Groaning, Sirius faced the gate and wondered how he could shut it. The latch was within reach of his mouth. He could only try. He put his teeth around the unpleasant oily rusty-tasting metal and dragged backwards. The gate swung, and clicked shut. “Thank goodness for that!” Sirius made for his collar, lying at the end of its rope. If he had had time to think how to get it on, he would probably not have been able to do it. But he was in such a panic that his green intelligence swept aside his dog stupidity. Without thinking, he lay down, propped the empty collar between both front paws, put his head into it and pushed. Then he keeled over on his side, wanting only to sleep, and rather thinking he might die.

But there was no time to sleep, or to die either. Kathleen was there the next minute, undoing the rope, “There, Leo. I hope you weren’t too lonely. Walk!”

He was forced to stagger off to the meadow for a walk. His paws hurt, his legs ached, his back ached. He became convinced he was dying. He waded miserably into the river, and, when that failed to soothe his aches, he sat on the bank with his head hanging and eight inches or so of purplish tongue dangling from his jaws.

“Oh dear!” said Kathleen. “Leo, I don’t think you’re well.”

She brought him home. He fell on the hearthrug with a thump and went straight to sleep.

“Robin, something’s wrong with Leo,” said Kathleen. “I think he’s ill.”

“Distemper, perhaps?” said Robin. He and Basil rolled Sirius about, shouting, “Wake up, Shamus! Rat!” They woke Sirius up. He groaned piteously, to show them he needed to be left in peace to die, and fell asleep again. “Leave him,” said Basil. “He may sleep it off.”

Sirius slept until Kathleen’s bedtime, and only a strong sense of duty roused him then. He staggered to the kitchen, where he ate and drank hugely. Then he limped upstairs after Kathleen, wanting only to go to sleep again. Kathleen saw that playing games was out of the question. She read him the story of Bluebeard instead. Sirius could hardly keep his eyes open.

“Silly fool!” said Tibbles, stepping delicately in through the window.

“Yes. I’ll know another time,” said Sirius. Then he fell asleep and, to Tibbles’s disgust, he snored and twitched.
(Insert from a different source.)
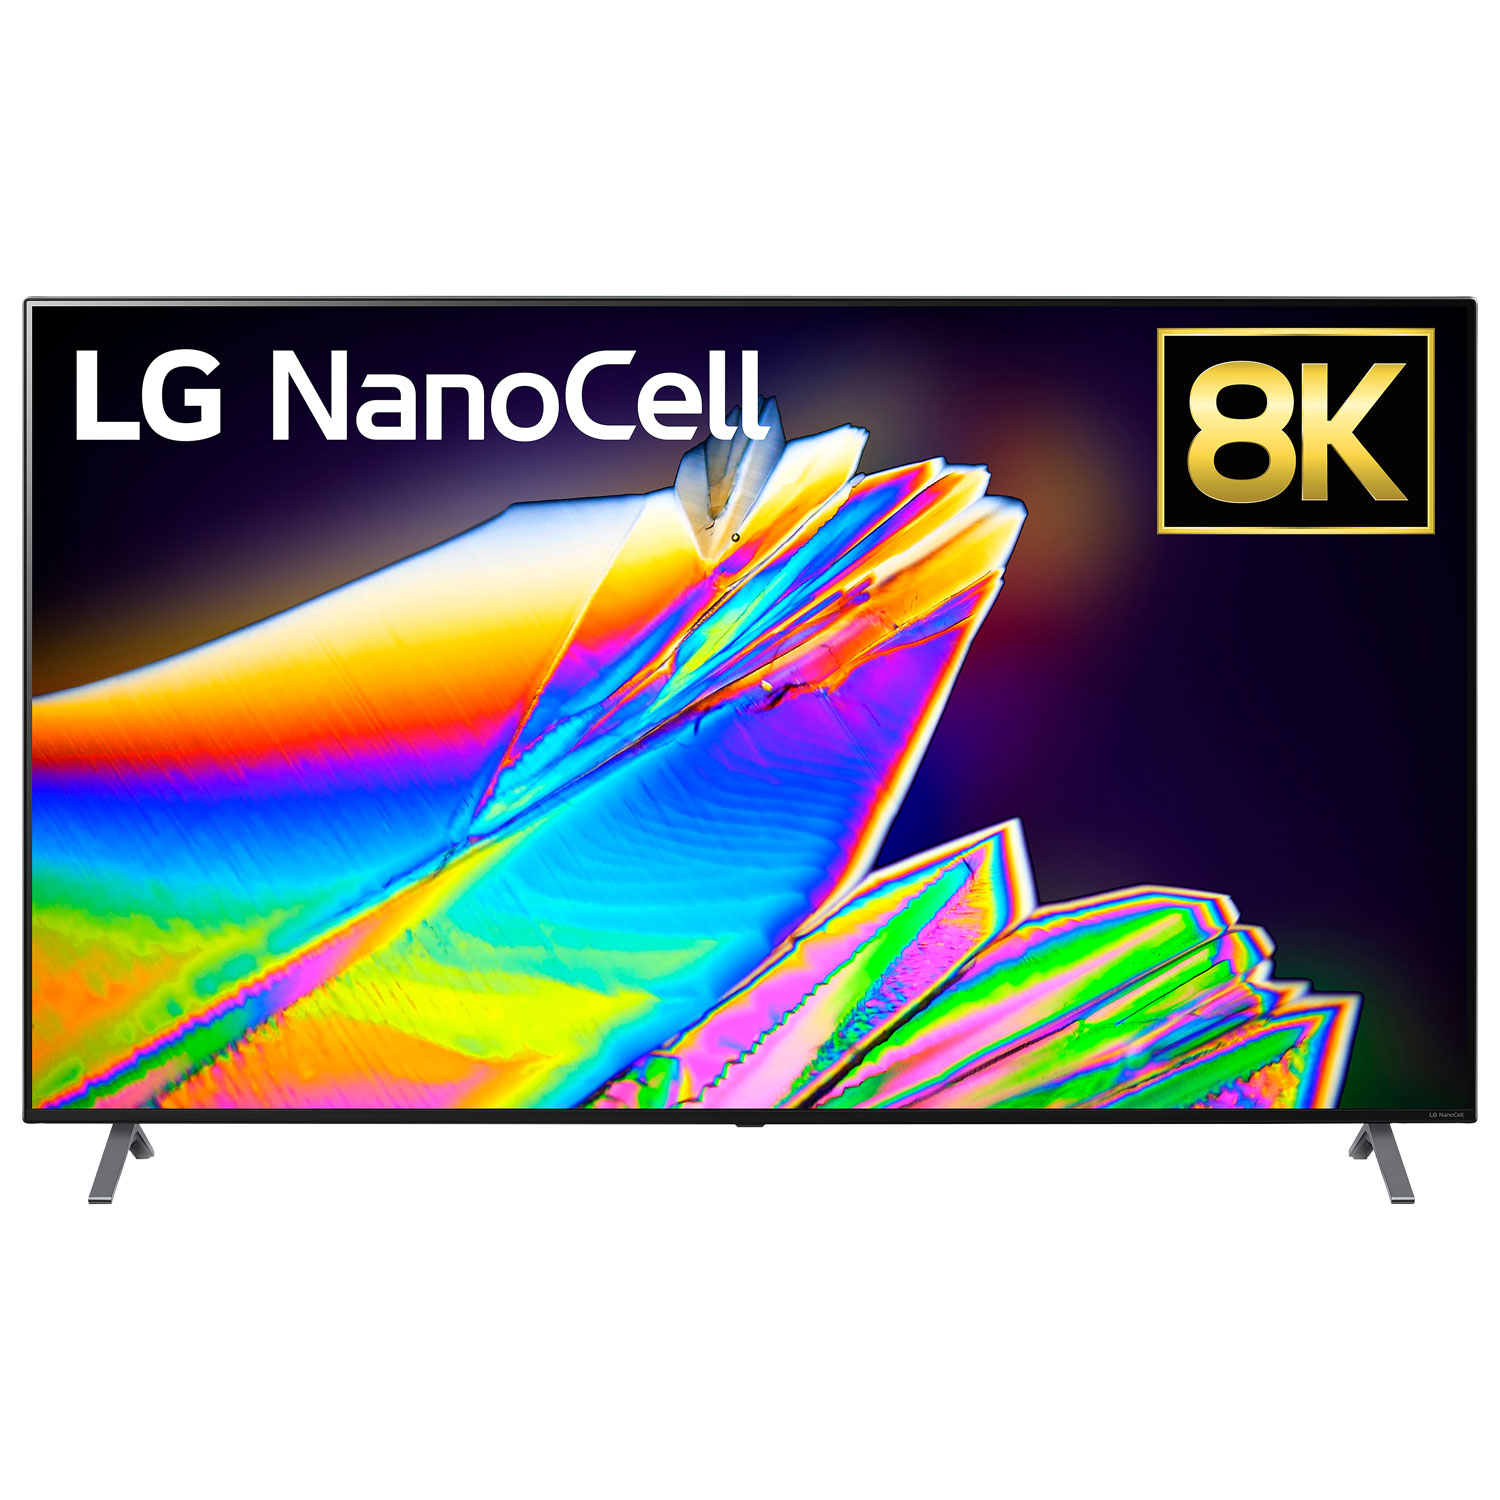 LG NanoCell 75" 8K UHD HDR LED webOS Smart TV (75NANO95) - 2020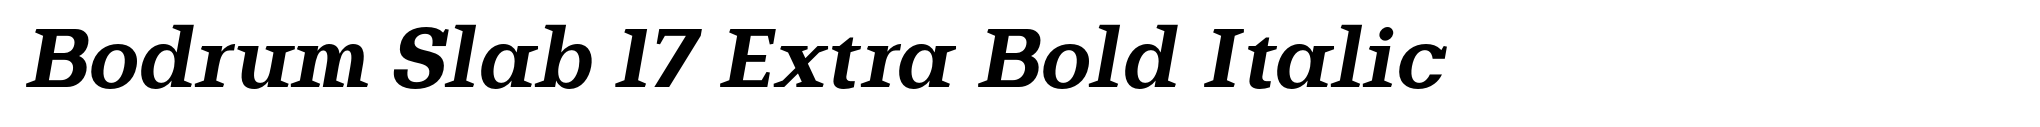 Bodrum Slab 17 Extra Bold Italic image

He dreamed he was out in the street again, running with four dogs just like himself.

To Kathleen’s relief, Leo was quite restored in the morning. He bounded willingly out into the yard and did not seem to mind being tied up at all. “You are a good dog,” she said, and she hugged him uncomfortably before she left. As soon as she was well away, Sirius sprang up and slipped his collar off. He found that Tibbles had prudently bolted the bottom bolt on the gate again, but that was no trouble now. It went back with one swipe of his paw. He used his nose to lift the latch. Now he knew the Zoi was somewhere near, he told himself he would take things more steadily and search until he had found it.

As he was shutting the gate, Sol stepped up above the house. “You must be right,” he said. He seemed irritable. Fierce little spurts of light shot from him. “Something did fall in this area somewhere. But it’s very odd. I just can’t see it—and I can see every stone and every blade of grass.”

“Could it have gone into the ground?” asked Sirius.

“It must have done,” said Sol. “So I can’t think why Earth hasn’t noticed it. It came down with a big enough thump. Yet there’s no damage. Is a Zoi something very small and dense?”

Sirius sat down and tried to marshal vague green memories. What was a Zoi like? The trouble was, it was something he had used every day for long ages, and it had become so familiar that he had barely noticed it. “I don’t think it was always the same,” he said doubtfully. “I—I can’t describe it.”

Sol spurted spiky annoyance. “You’re worse than the rest of them! Think, can’t you!”

“I can’t,” said Sirius. The warm dog thoughts sat just behind his eyes again, and he felt miserably stupid. “But I’d know it when I saw it.”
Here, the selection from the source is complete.